Aizu (Small): This is one of my favorite stones. It has little in common with its larger sibling. The stone is much softer, a fair bit faster and slightly coarser. I would say this one finishes closer to the 2-3k range. Closer to 3k in finish but 2k in rate of abrasion. Much like Ikarashi, you get metal swarf from the first stroke. This one has some elasticity to it, you can almost feel the stone give way under your edge if you push down. This one does not like to release slurry either and a nagura, tomo or diamond is quite useful but not as needed as with the larger stone. The mud on this one is milky white and thicker but does not dry up as fast. The stone is white until you get it wet and it turns a light green color with shades of baby blue. Tactile feeling and feedback on this one is amazing. It has a feeling like rubbing together two pieces of wet chalk. (I guess whether or not that is a good feeling is subjective as I have heard people use a chalky feeling as a negative.) Not a lot of noise on this one, just enough to know when you are on or off your angle. Visually, swarf is easy to see and shows up quickly. 
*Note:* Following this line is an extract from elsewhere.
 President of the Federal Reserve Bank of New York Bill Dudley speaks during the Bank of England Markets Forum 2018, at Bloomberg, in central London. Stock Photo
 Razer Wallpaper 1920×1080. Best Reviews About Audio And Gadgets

All of these stones work well on both stainless and carbon but I like the Ikarashi better for stainless and both Aizu better for carbon. All three of these stones will leave you with an edge that has more bite than their synthetic counterparts and that bite seems to last longer on the board as well. I would not say that the edge lasts longer than with synthetics but rather the tooth/bite does. It is quite difficult to compare naturals to synthetics as a general rule. A stone might cut like a 2k, leave a cosmetic finish like a 4k, the refinement of a 2k and the bite of a 1k. It really is hard to explain. 
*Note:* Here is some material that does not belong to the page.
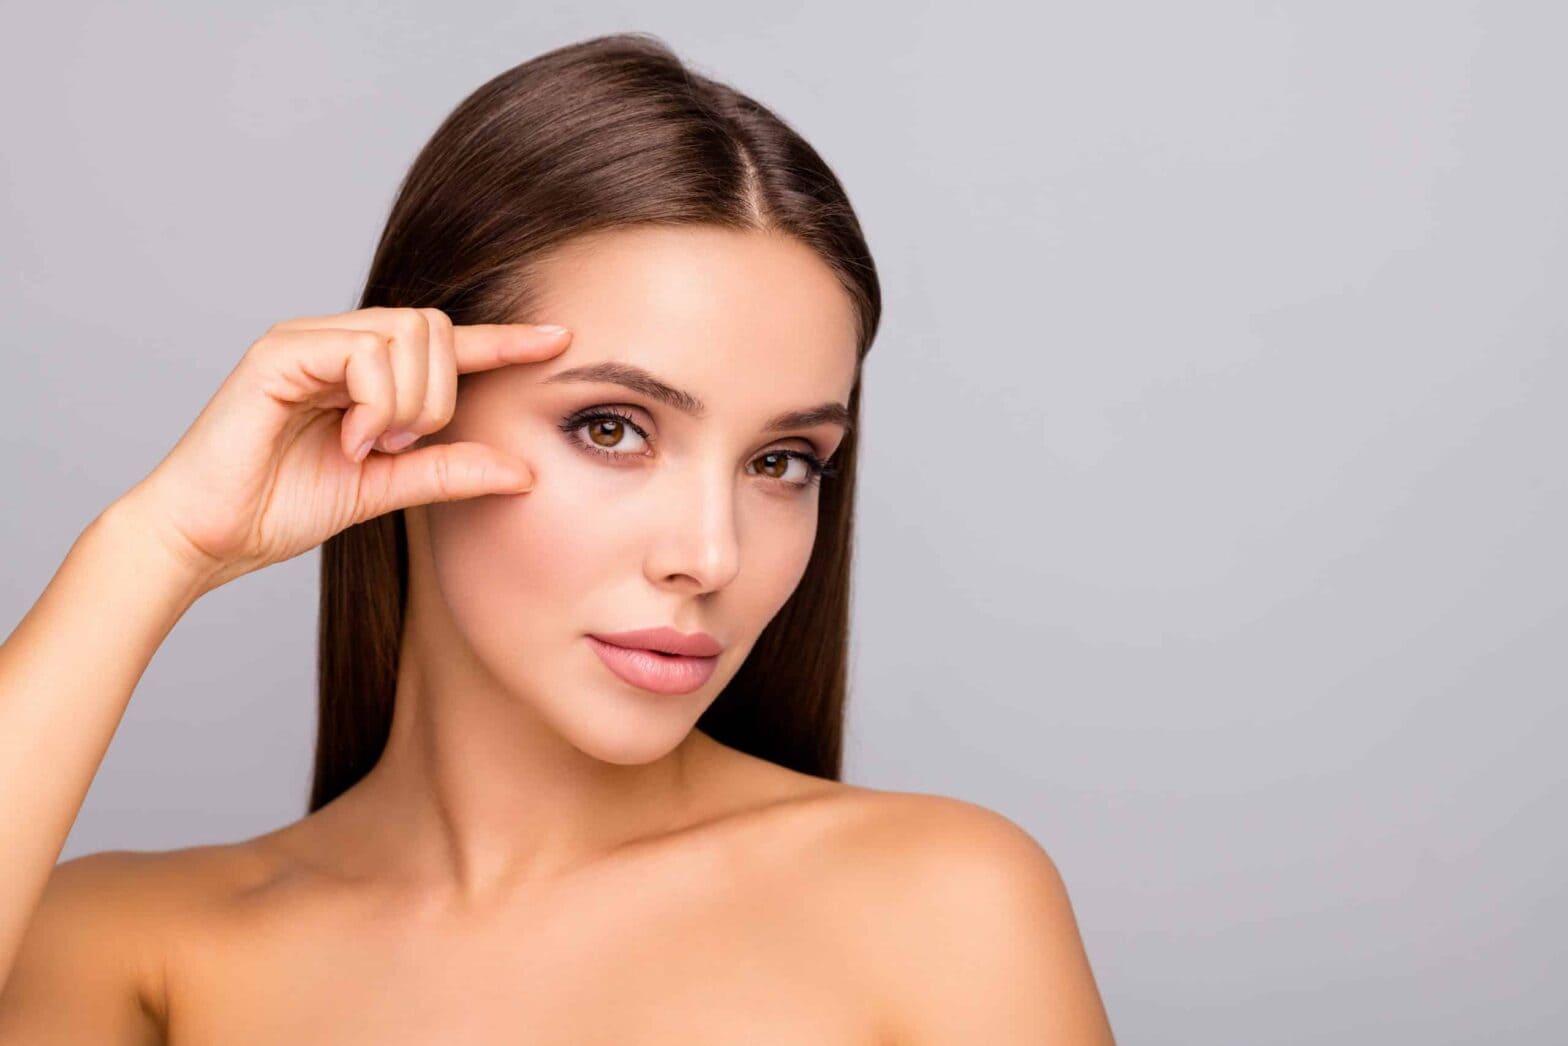 A Brow Lift or Eyelid Surgery: Which One is Right for You?

One thing I can tell you about most of these middle stones is that while they work well they are not as efficient as synthetic stones. They are however, much more of a joy to use. So if you have a few extra minutes per stone then it is no worry. None of the above give me that zen feel like I get from a soft Aoto but they are fun to use and more enjoyable than any synthetic that I have ever owned. 
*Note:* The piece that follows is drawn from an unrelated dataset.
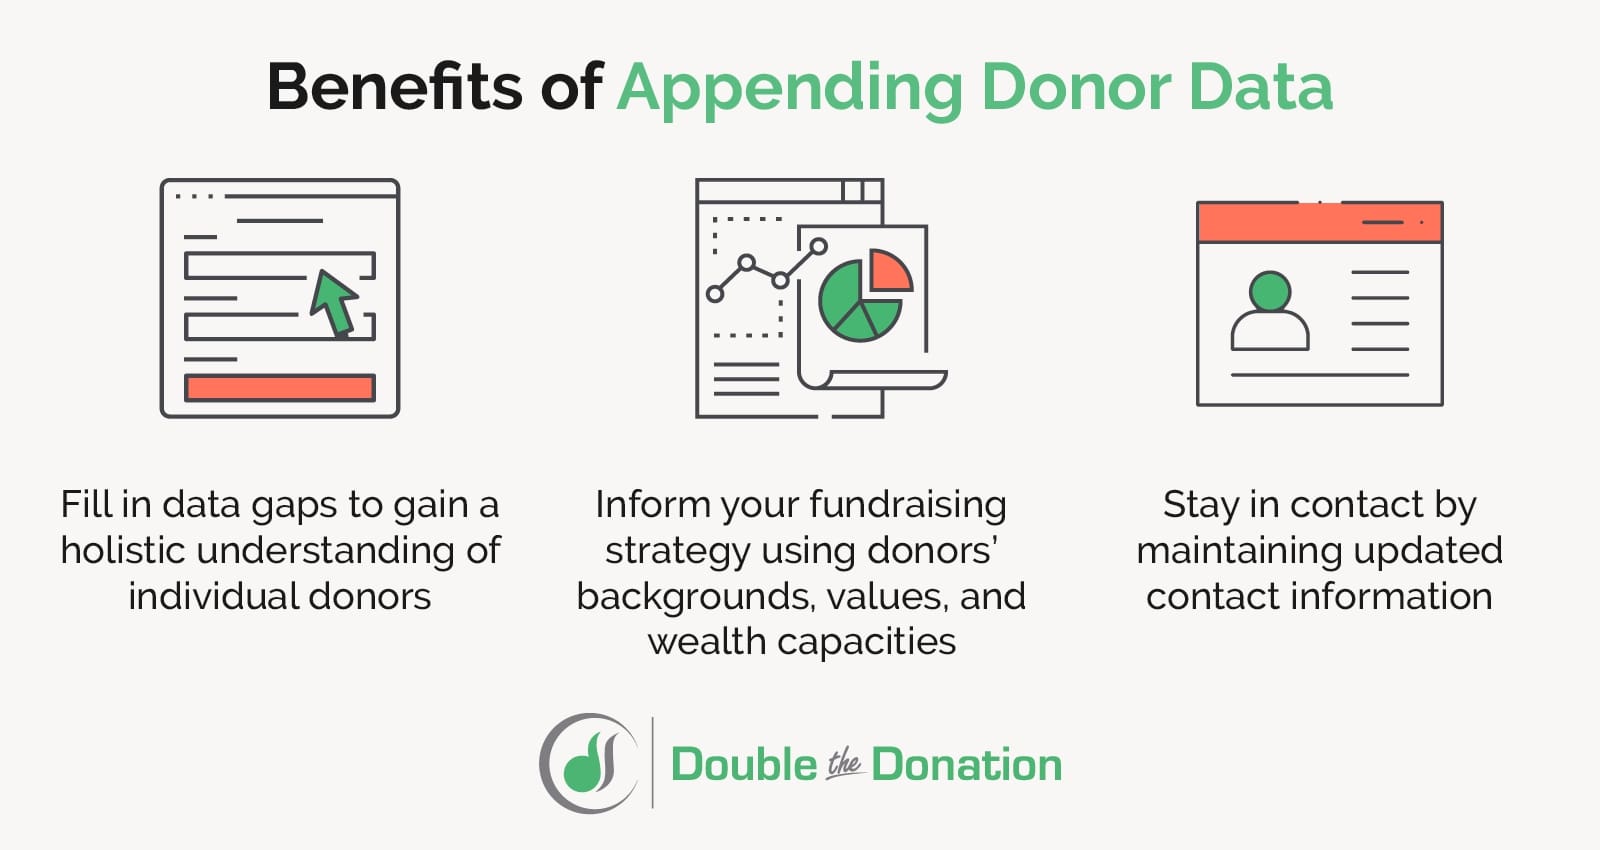 Benefits of appending donor data

As an aside, sorry if I could have organized and broken that up better. I just woke up and my head is not screwed on quite right just yet.:clown:


----------



## Badgertooth (Mar 1, 2017)

Synth up to 1k 
Then Aizu. 

And uchigumori if you want to go finer. Uchi is wildly inconsistent though so buy from someone who knows their onions and can describe it to you


----------



## XooMG (Mar 1, 2017)

Interesting suggestions. Good luck with the progression.


----------